KIJV
- Huron, South Dakota; United States;
- Frequency: 1340 kHz
- Branding: Tiger 95

Programming
- Format: Adult contemporary
- Affiliations: ABC News Radio

Ownership
- Owner: Carolyn and Doyle Becker; (Riverfront Broadcasting, LLC);
- Sister stations: KOKK, KJRV

History
- First air date: September 23, 1947

Technical information
- Licensing authority: FCC
- Facility ID: 15264
- Class: C
- Power: 1,000 watts
- ERP: 250 watts (FM translator)
- Transmitter coordinates: 44°20′45″N 98°12′35″W﻿ / ﻿44.34583°N 98.20972°W
- Translator: 95.3 K237EL (Huron)

Links
- Public license information: Public file; LMS;
- Webcast: Listen Live

= KIJV =

Former branding.

KIJV (1340 AM) is a radio station licensed to serve Huron, South Dakota. The station is owned by Carolyn and Doyle Becker, through licensee Riverfront Broadcasting, LLC, and airs an adult contemporary music format.

The station was assigned the KIJV call sign by the Federal Communications Commission.

==Ownership==
In December 2003, Dakota Communications Ltd. (Duane Butt, president) reached an agreement to acquire this station and KZNC from Three Eagles Communications as part of a two-station deal for a reported $400,000. Dakota Communications has operated Huron's other two licensed radio stations, KOKK and KJRV-FM, since 1975.

In August 2013, KIJV dropped its Oldies format in favor for Hot Adult Contemporary. Dakota Communications had previously operated a Hot AC format in the Huron market before moving KXLG to the Watertown, South Dakota market.

Effective December 31, 2022, Dakota Communications sold KIJV, sister stations KJRV and KOKK, and translator K237EL to Riverfront Broadcasting for $255,000.

==History==
KIJV began broadcasting June 30, 1947, as a Mutual affiliate (supplemented by transcriptions from NBC) on 1340 kHz with 250 W power.

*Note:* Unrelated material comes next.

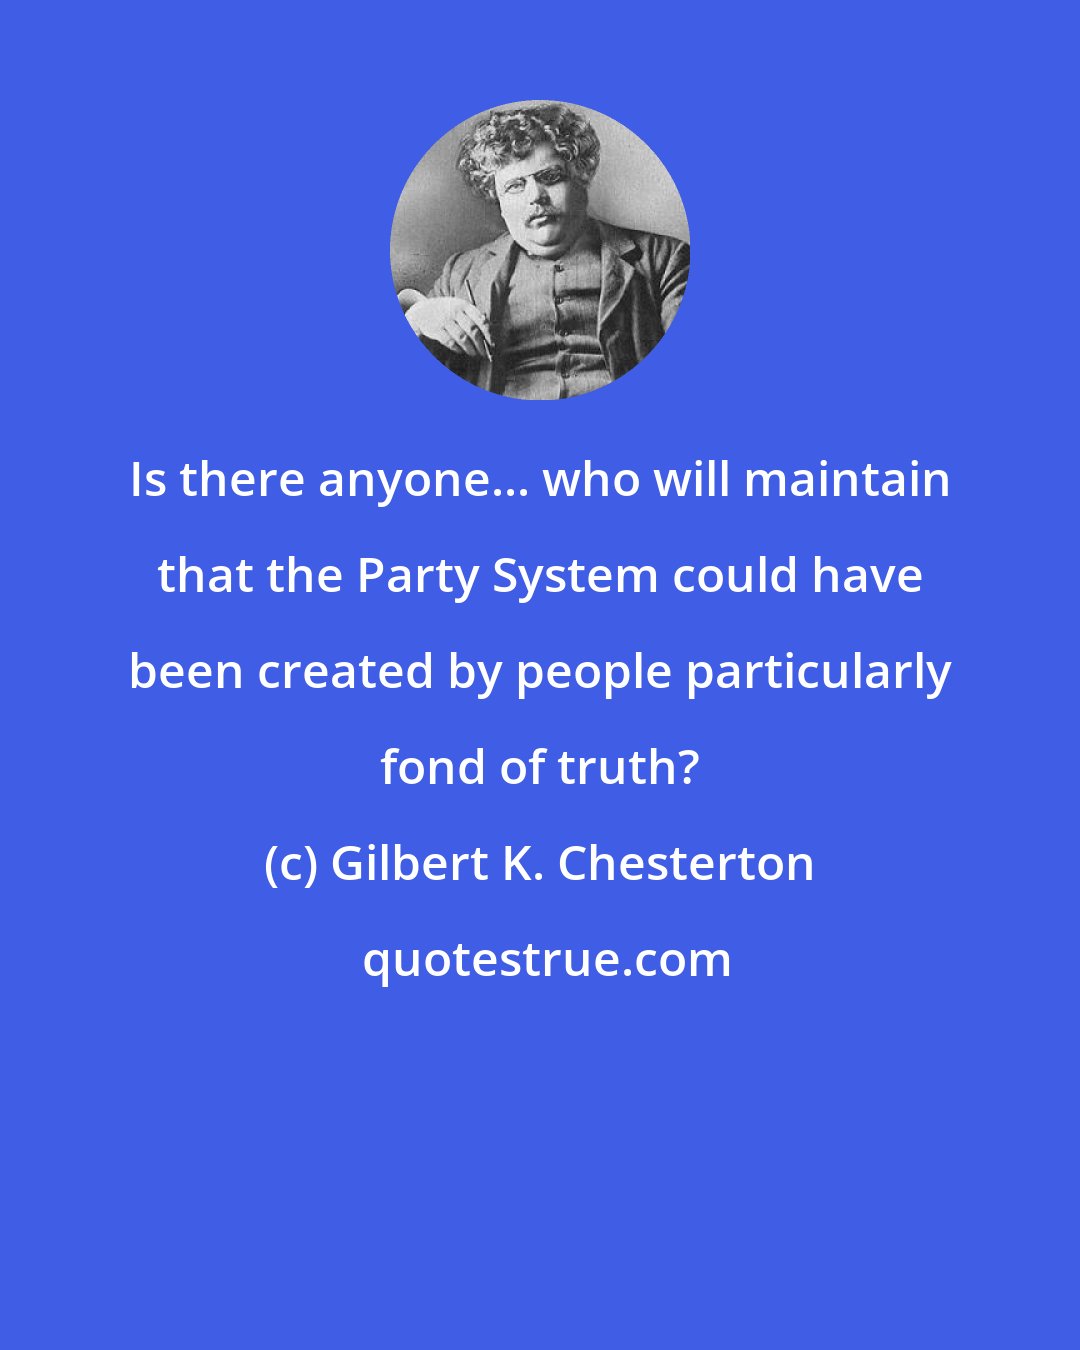 Gilbert K. Chesterton: Is there anyone... who will maintain that the Party System could have been created by people particularly fond of truth?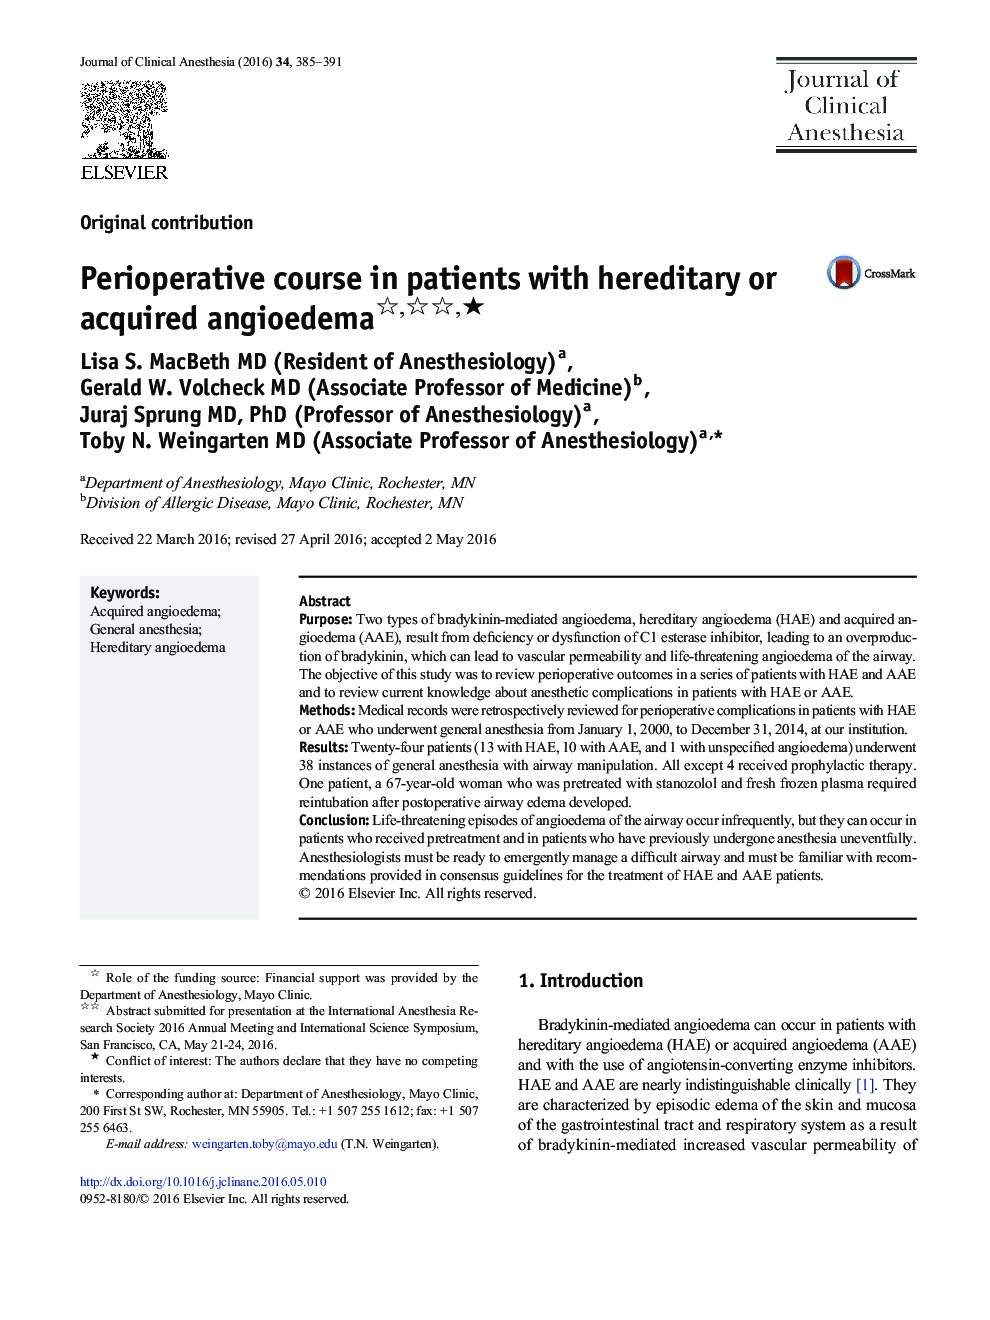 Perioperative course in patients with hereditary or acquired angioedema

The first program featured civic officials and musicians from Huron College. The station was owned by the James Valley Broadcast Company.

In the 1960s, the station wanted to upgrade from 250 watts to 500 watts. The upgrade would prove problematic, because of CFSL in Weyburn, Saskatchewan, then on the same frequency.

Eventually, CFSL deleted its allotment on 1340, moving to 1190. The move allowed KIJV to upgrade its power, eventually to 1,000 watts.